Come
l’architettura può emulare, risolvendo questioni progettuali, non semplicemente
forme, ma soluzioni messe a punto dalla natura nel corso di milioni di anni
Recentemente in architettura due particolari campi di
conoscenza stanno trovando un interessante punto di convergenza. Il primo è
rappresentato da una disciplina, fino ad una ventina di anni fa relativamente
marginale, ma che - grazie al contributo di autori come JanineBenyus, Steven
Vogel o Julian Vincent - si è andata quasi completamente riconfigurando,
generando ricadute significative in ogni campo, anche in architettura. Nella
sua evoluzione attuale, la biomimetica (nota anche come biomimicry) anziché limitarsi, come in passato, all’emulazione
delle forme presenti in natura ed a semplici, e spesso banalizzanti, questioni
stilistiche, prende spunto da - processi, principi di funzionamento,
caratteristiche di integrazione con l’ambiente - osservabili nelle forme di vita presenti su
questo pianeta da milioni di anni. Il secondo è la
crescente ed esponenziale capacità dei computer di modellizzare e riprodurre leggi, comportamenti ed elementi del mondo
naturale - dalla sequenza del DNA a configurazioni come scheletri o gusci -
secondo procedure in precedenza impossibili, se non probabilmente
inimmaginabili. I
software Soft Kill Option (SKO), ad
esempio – messi originariamente a punto dall’ingegnere tedesco Klaus Mattecksulla base di un principio che caratterizza la
struttura degli alberi - progettano in
modo semi-automatico manufatti estremamente efficienti in termini di solidità e
leggerezza. Difficilmente realizzabili con metodi convenzionali, possono essere
costruiti tramite procedure di stampa 3D. Come i mezzi e sistemi di produzione
industriale ebbero un'impronta fondamentale sulle caratteristiche
dell'architettura Moderna, cosi questa nuova convergenza tra sviluppi
tecnologici ed emulazione di criteri presenti in natura, potrebbe dare origine ad
un’evoluzione l’architettura?
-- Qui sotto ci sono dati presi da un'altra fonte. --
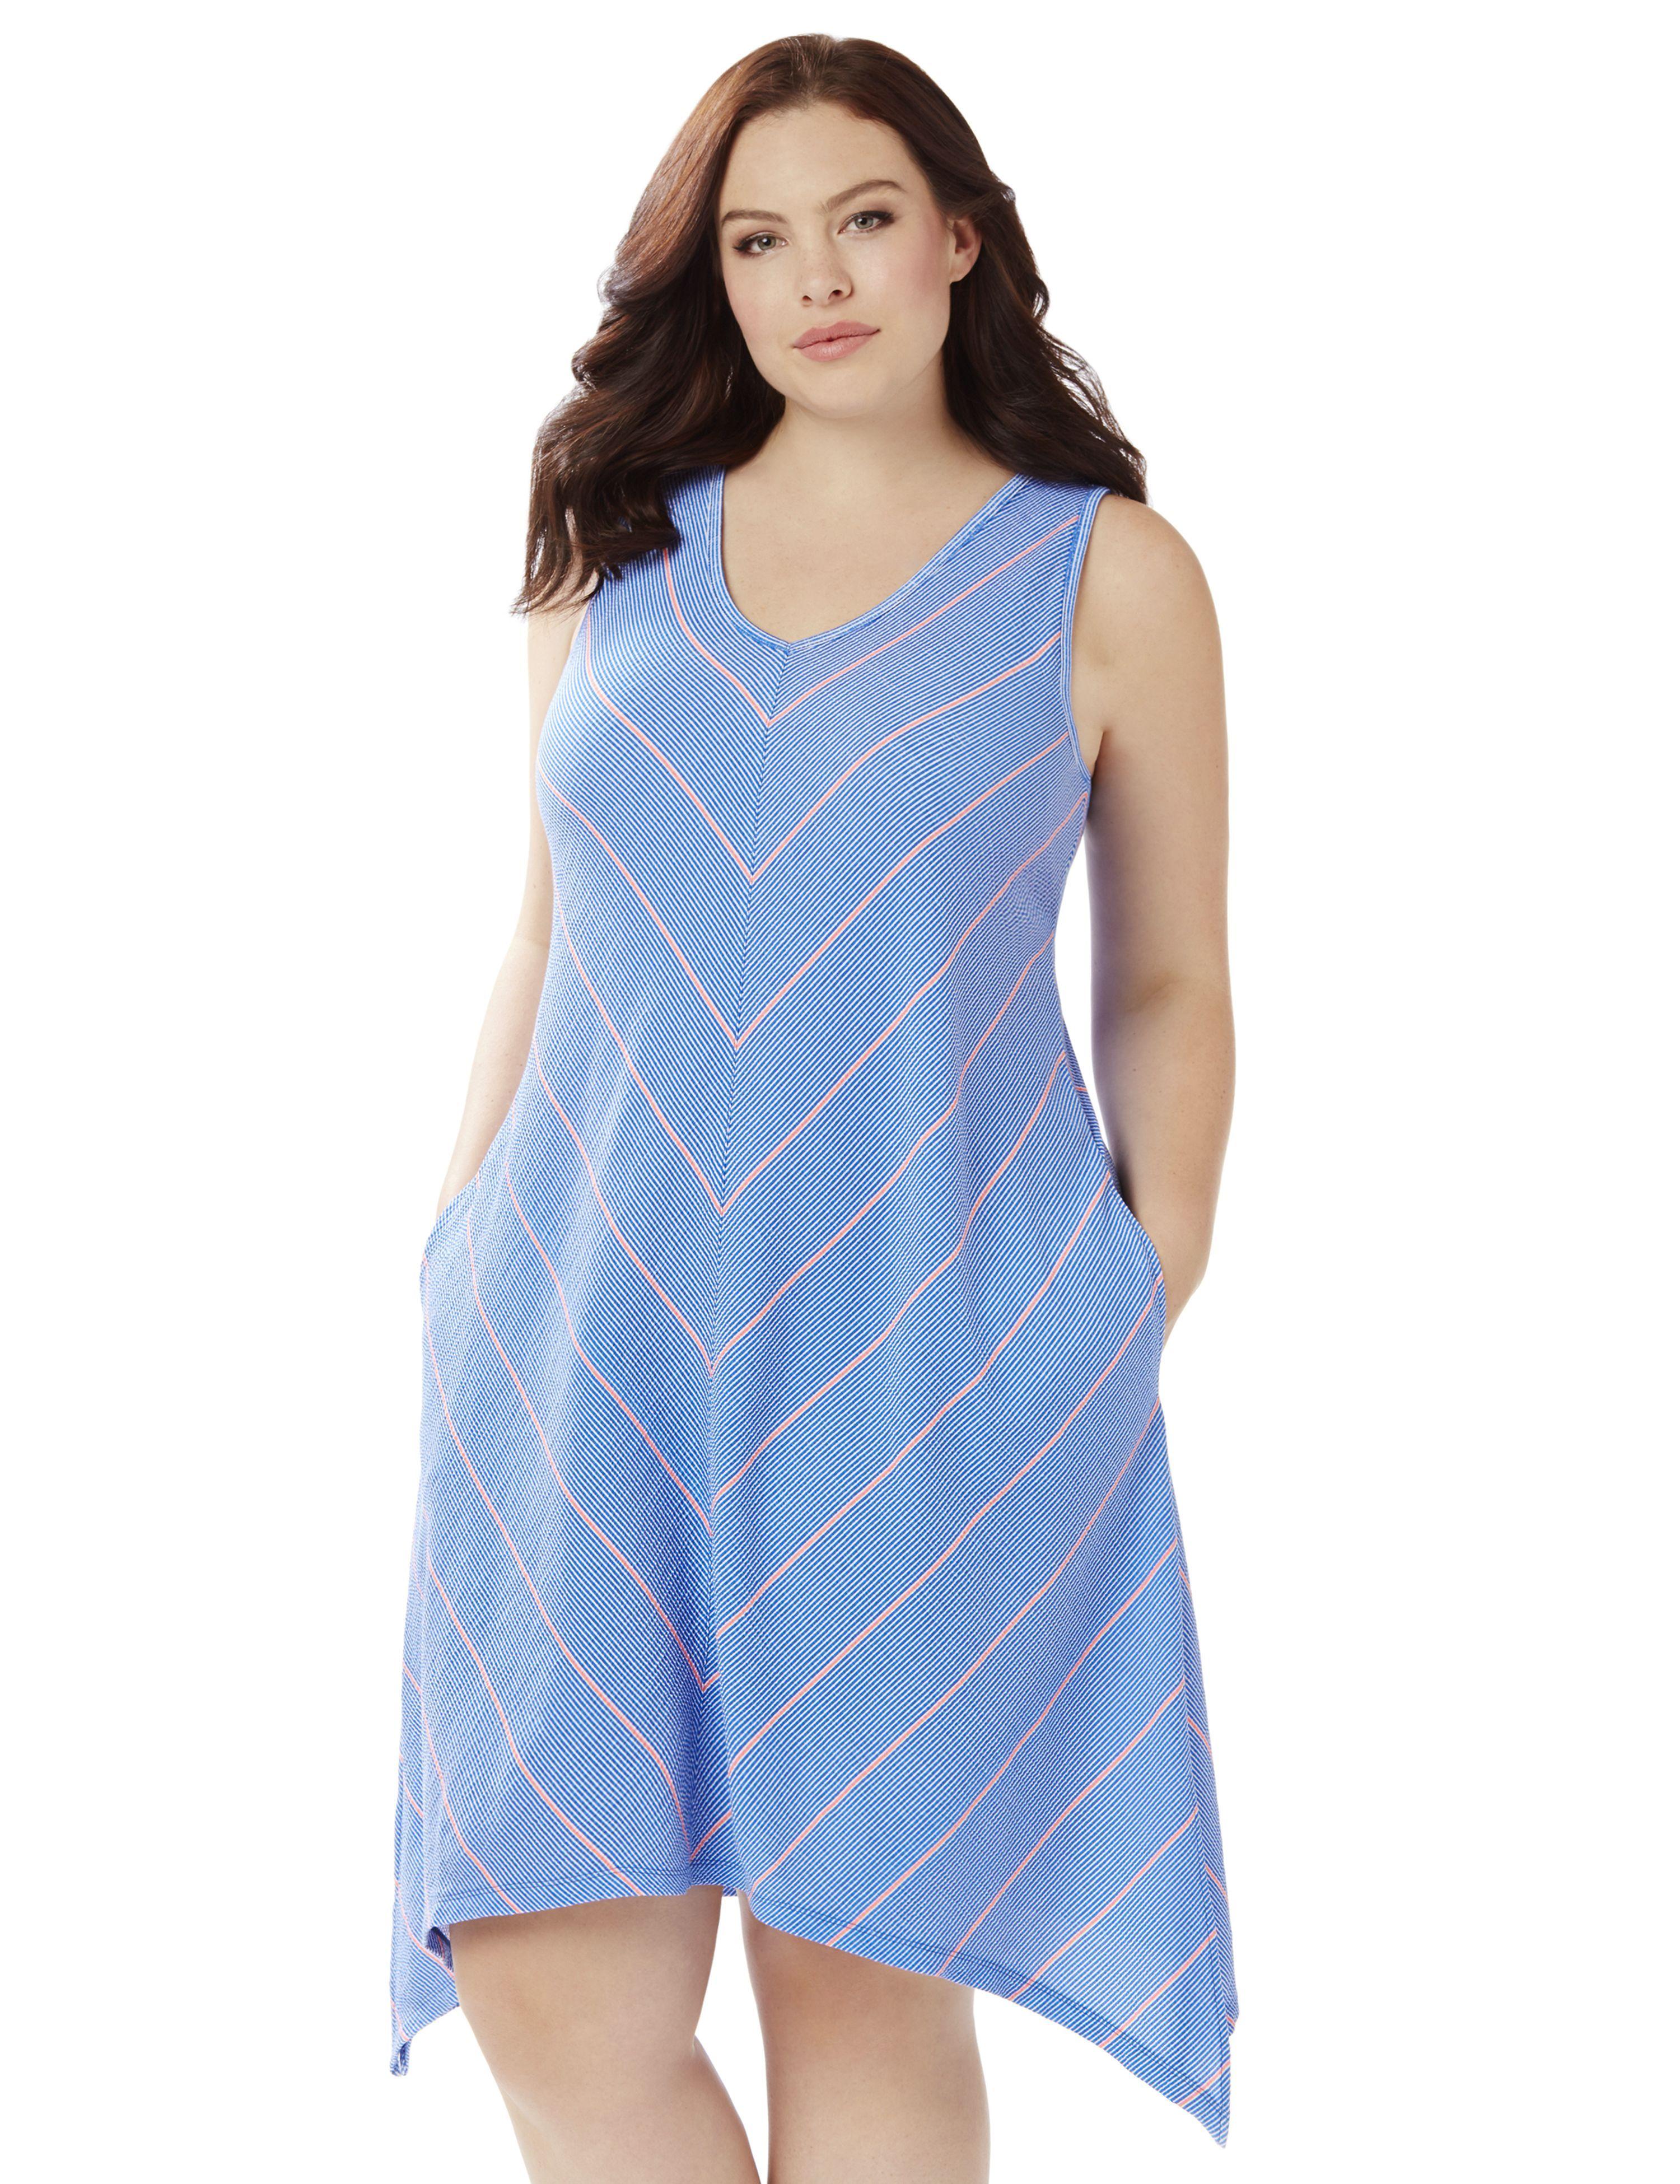 Chevron Sleep Gown   Georgia Pratt (Catherines)   Pinterest   Gowns ...

Un'architettura dove, come nel mondo naturale,
strutture estremamente complesse sarebbero anche le più resistenti, leggere ed
efficienti. Dove nuove tecniche di fabbricazione, suggeriscano, anziché una
“costruzione”, un principio di "crescita" ad impatto ambientale
pressoché nullo, simile a ciò che la natura ha messo a punto secondo un
principio di prova ed errore di circa 3,8 miliardi di anni?